She looked up at Cicero. For just an instant she let all the despair in her spirit show in her eyes. A flash of sorrow reflected in his. Then he nodded his encouragement.

And she opened her pouch.

The pristine white fabric spilled out into her hands and she fumbled with the cloth, trying to unfold it and find the front. In her haste to get the thing on before she could chicken out she could not get it over her head. Many hands helped her, and in a moment the four-pointed blue star with its white heart and sun rays was centered boldly upon her chest. She smoothed her hand down the unfamiliar insignia. Her mind refused to accept what her eyes saw.

“What do I do?” she asked Rosana blankly.

Rosana cried, “Just run out in the middle of the fight and start healing. They all will leave your colors alone. Heal everyone who needs it, no matter their race nor which side they fight on. Since the Boki allow Balthazar to live with them, I think they know the rules and will let you heal their kills.”

She looked up at the raging battle doubtfully. “I'm supposed to walk out into the middle of that?”

“Aye. You are White Heart now. No one touch you.” Rosana muttered a fast incant and cast a glow spell on Raina. Against the pristine white of her tabard, it lit the night like a torch. “Go!” Rosana gave her a little push.

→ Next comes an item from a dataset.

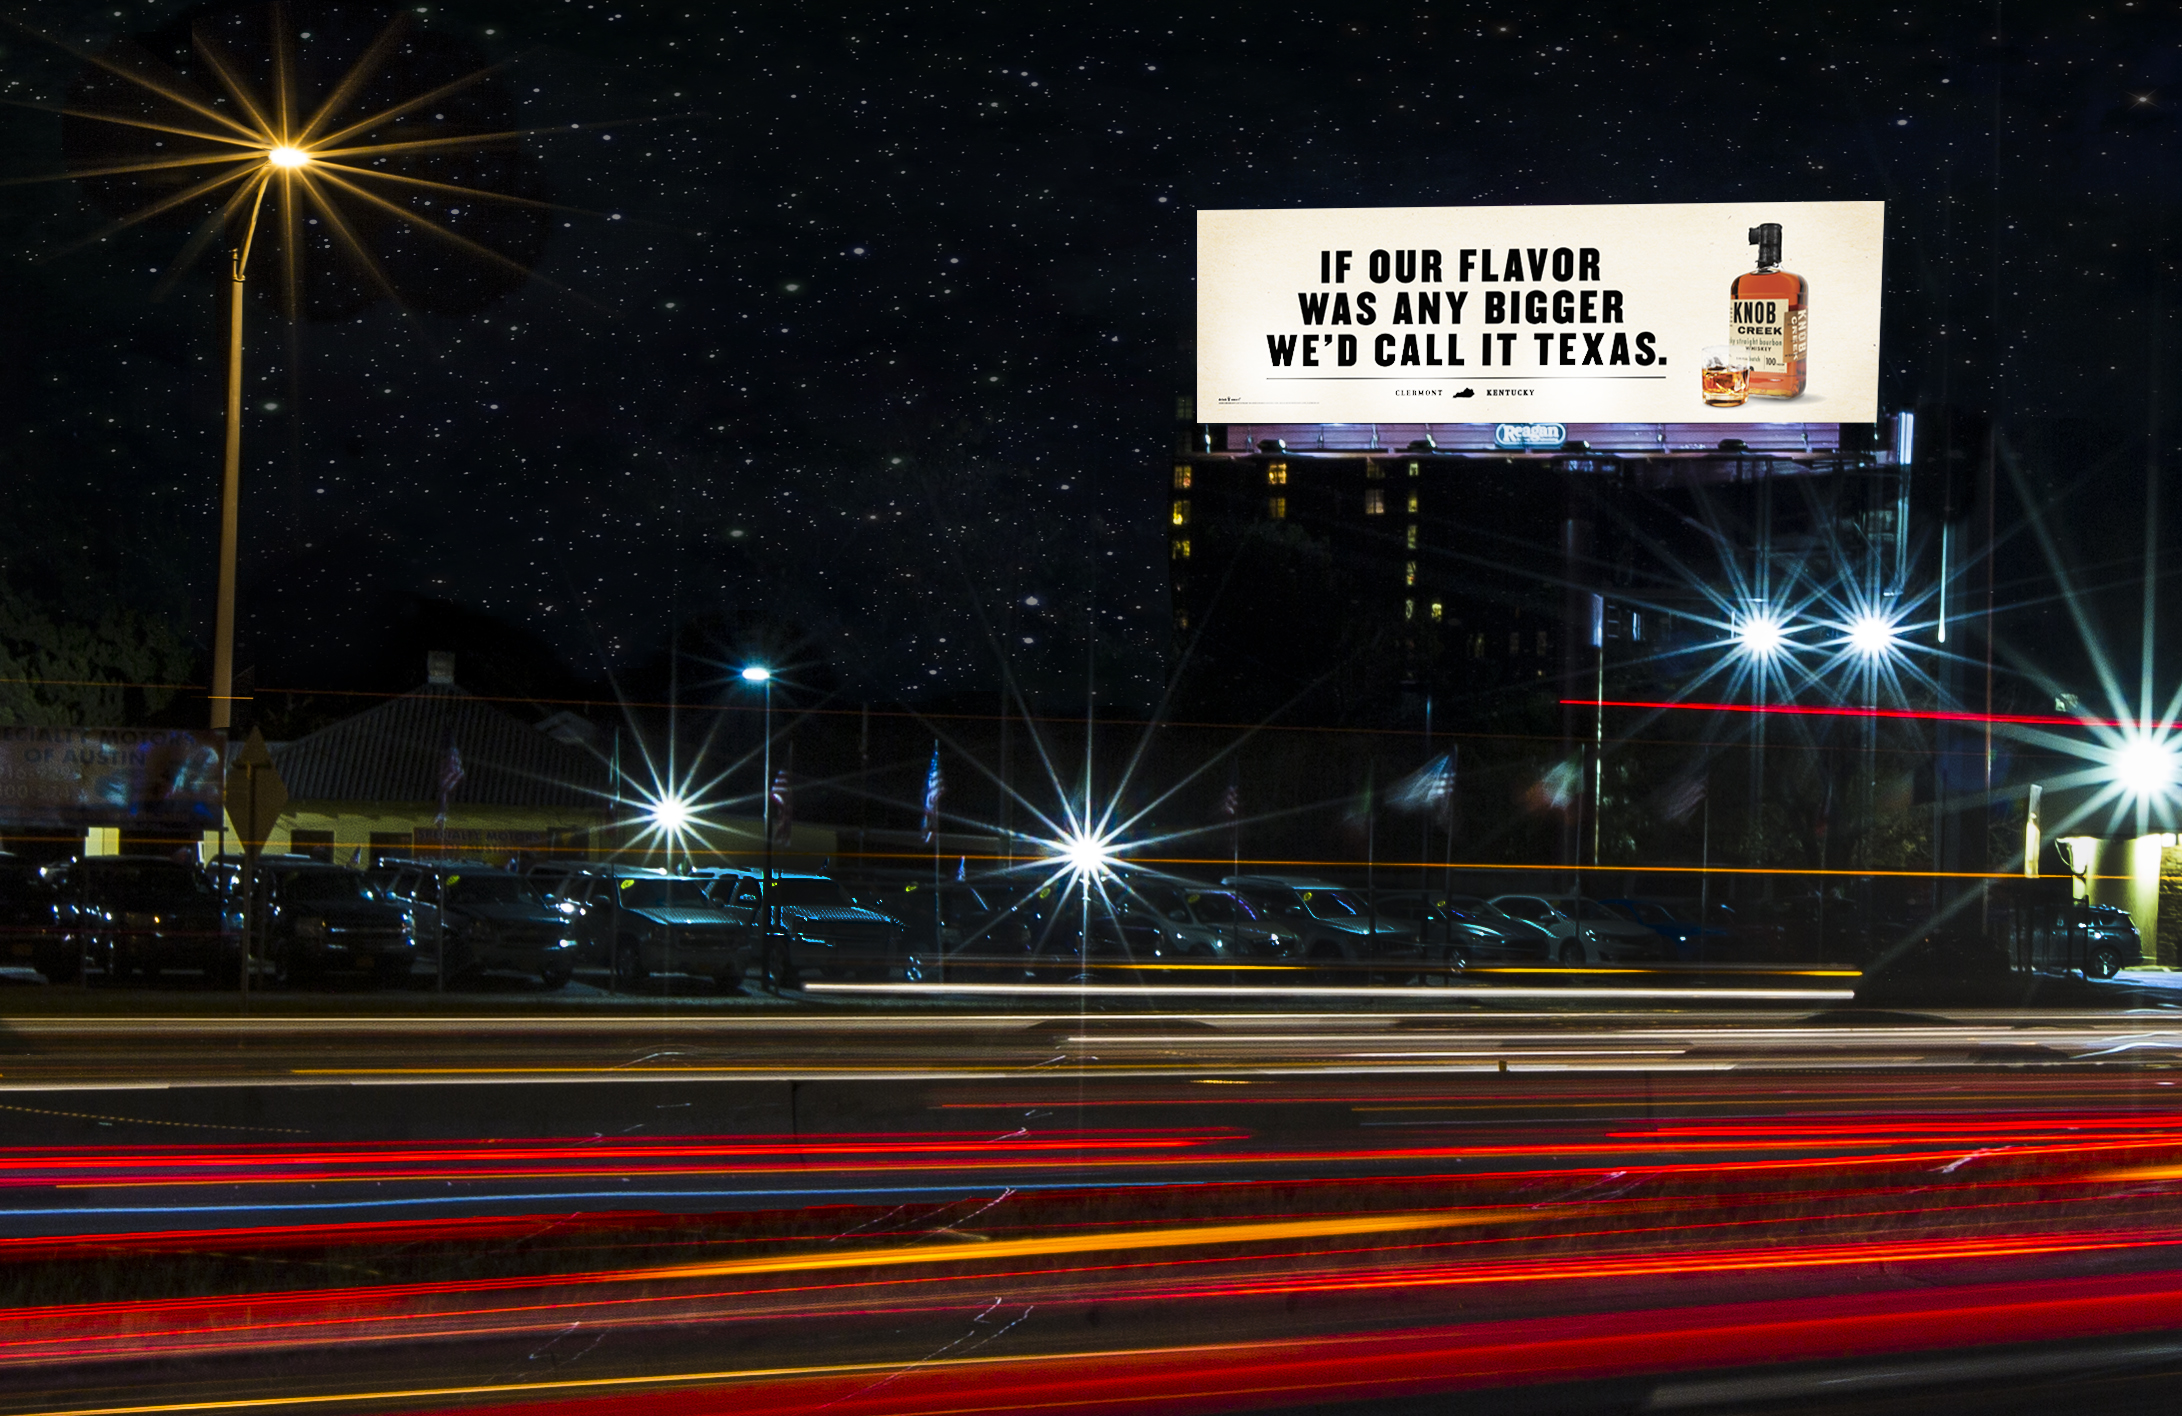 knob billboard with stars.jpg

Sha'Li and Cicero pulled back the brambles to make an opening for Raina. She stumbled forward. Stood upright. And started forward, terrified.

The nearest combatants hitched in their swings as they caught sight of her. Both the rakasha and the Boki who were fighting disengaged from their combat and stepped back to let her pass between them. She walked forward, dimly noting the sounds of their resumed combat behind her.
Heal everyone.

Leland. Must get to Leland.

She fixed in her mind's eye the last place she'd seen him and broke into a run, aiming straight for him. The ground was rough, and she tripped several times over what she hoped were tree roots but suspected were not. Once a hand even reached out to steady her when she would have fallen in a patch of blood-soaked mud. She did not stop to thank the warrior, for Leland lay somewhere before her, dead, a stake through his heart.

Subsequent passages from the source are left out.